Neighbourhood retail is in high demand from investors as foot traffic bounces back. Vacancies may be rising but retail investment is likely to increase through 2020 says JLL.
“Anecdotally, some neighbourhood and sub-regional shopping centre portfolios collected up to 85 per cent of rent over April and May which was a very positive outcome,” says Jacob Swan, JLL’s joint head of retail investments in Australia.
Swan says the foot traffic rebound in these centres has been “fast and effective”, as workers remain at home in the suburbs.
“We are aware of many centres where foot traffic in recent weeks has been recorded at levels higher than pre-COVID-19 averages,” Swan adds.
Big W, for example, reported sales growth of 27.8 per cent up to the 23 June.
“Income was less resilient in regional and CBD centres in April which were more impacted by forced and voluntary closures and restrictions, but the increase in foot traffic in the second half of May suggests the impact will be somewhat short lived,” Swan adds.
“We’re seeing pent-up demand from consumers as they now get back out to the shops.”
Investors are becoming more optimistic about the outlook, and JLL expects that to stimulate transaction activity through the remainder of 2020 and into 2021.
Swan’s colleague and joint head of retail investments Sam Hatcher says investor demand for neighbourhood assets, primarily those under $100 million, have “held up well”.
“While private investors and syndicators have dominated activity so far this year, non-discretionary anchored retail assets in Australia are appealing to offshore institutional capital sources,” he says.
This is in part due to the “strength of covenant of the major supermarkets, their proven defensive characteristics and strong trading performance”.

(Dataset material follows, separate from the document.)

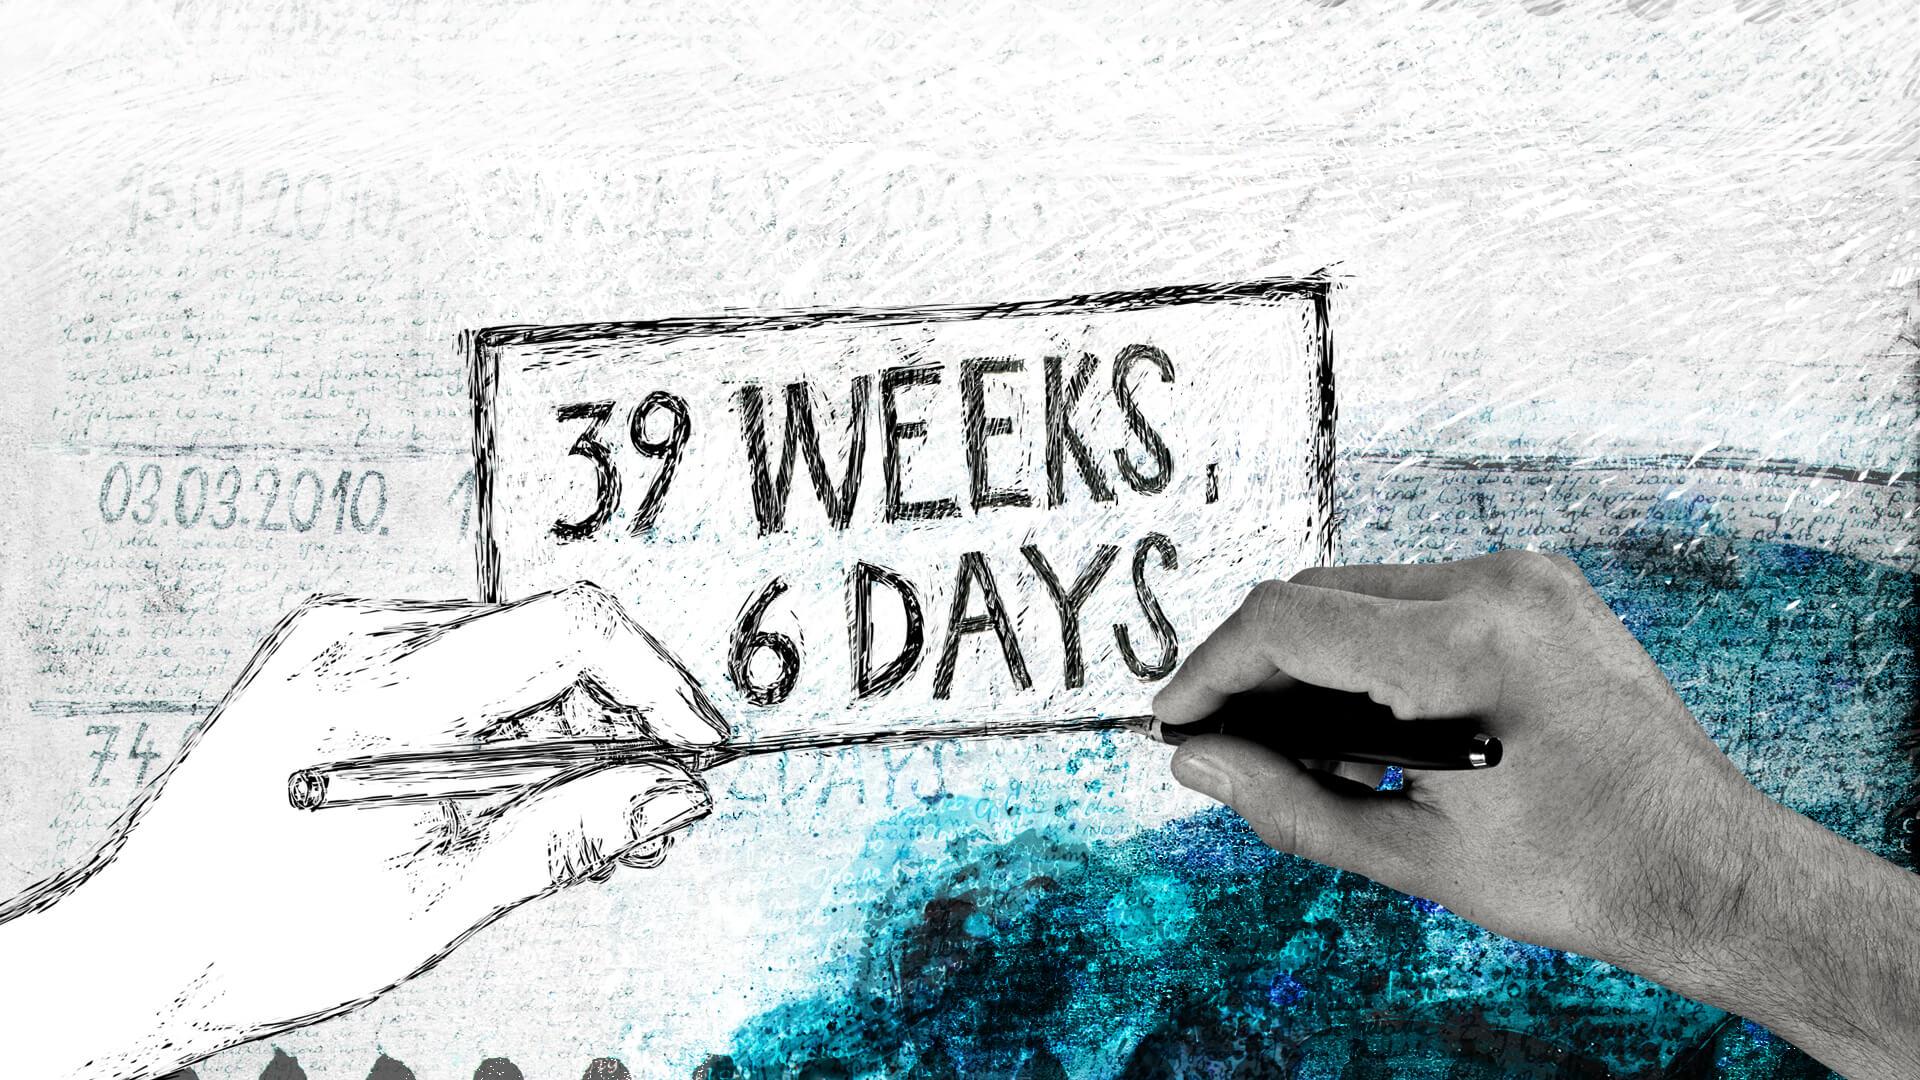 39-tyzdnov-6-dni-slovensky-film-2017-bfilm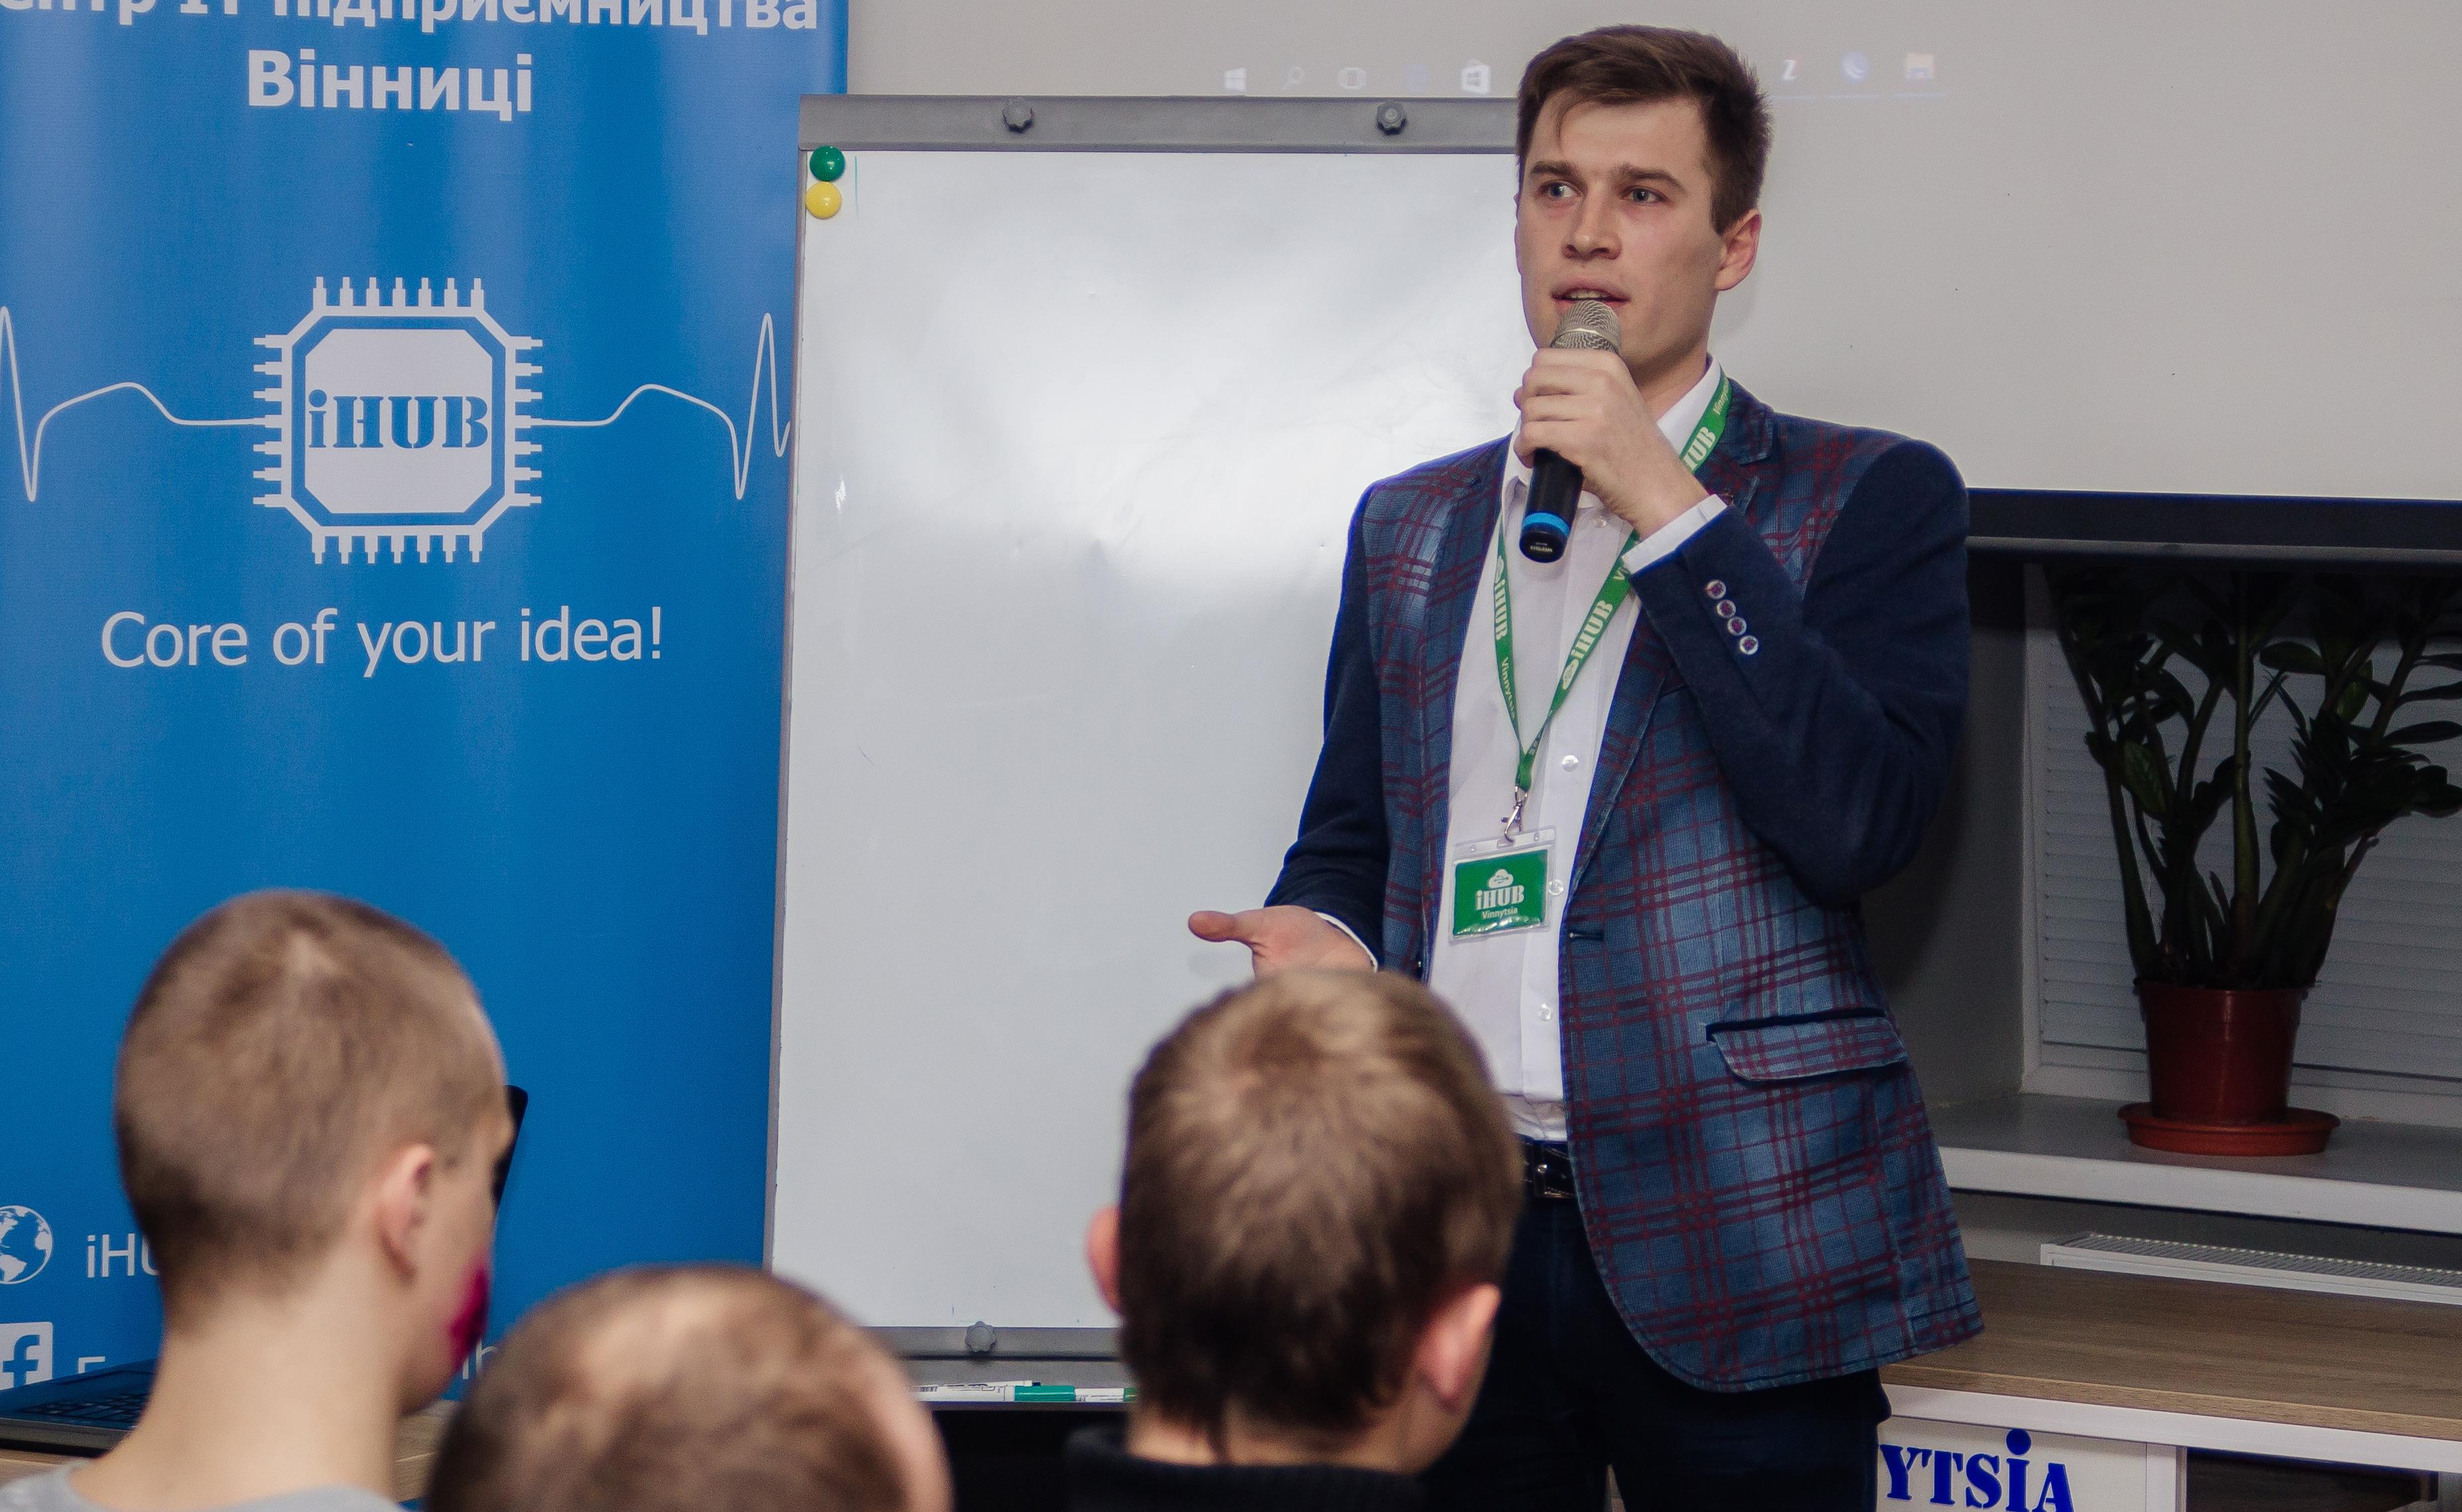 """Від онлайн-таксі до шкільного аукціону: у Вінниці відбулась третя """"битва"""" стартаперів"""

Supermarkets outperformed during the peak of the pandemic in March, with monthly retail trade growth of over 23.0 per cent. There was some normalising of grocery spending in April (-17%) but sales were still over five per cent higher than April 2019.
We’re seeing a major push from offshore investors to build scale in this sub-sector of the Australian retail market,” Hatcher explains.
Foot traffic bounces back, but vacancy rates rise
While retail spending has bounced back, leasing challenges remain.
JLL’s statistics reveal the national average shopping centre vacancy rate increased to 5.1 per cent in June 2020, up from 3.8 per cent in December 2019. This is the highest level in more than 20 years.
When CBD retail and large format retail is included, the vacancy rate increased from 4.8 per cent to 6.3 per cent.
JLL Research did not count temporary store closures as ‘vacant’ for the purpose of this survey. Around 5-10 per cent of stores remain temporarily closed across Australia.
The National Code of Conduct for commercial tenancies is providing some structure to tenant-landlord rent relief negotiations for small-to-medium size operators, says JLL’s Australian head of retail for property and asset management Tony Doherty.
“The focus for some national retail chains is shifting to more permanent decisions for rationalising their store numbers.”
As discretionary retailers shrink their store network, this will “likely polarise” the retail property sector further and drive divergence between prime and secondary assets, adds JLL’s senior director of retail research Andrew Quillfeldt.
Commencement of new projects and extensions are at their lowest since 2009 at just 22,900 sqm in the second quarter. Each of the six projects that proceeded in the June quarter were convenience-based centres anchored by a supermarket.
Development activity is now focused on converting existing space.
“We’re expecting to see an acceleration of the alternate-use conversion theme as owners look to extract value from retail assets, whether it’s a partial or full conversion,” Quillfeldt says.
Meanwhile, NAB figures show Australia’s e-commerce penetration rates continue to hit record highs – with 10.3 per cent for May, off the back of 10.4 per cent in April. Projections for Australia’s e-commerce growth were previously expected to reach 14 per cent within five years, mirroring the United States’ growth trajectory.
JLL says this will add to the pool of online shoppers and fuel the industrial and logistics market in Australia.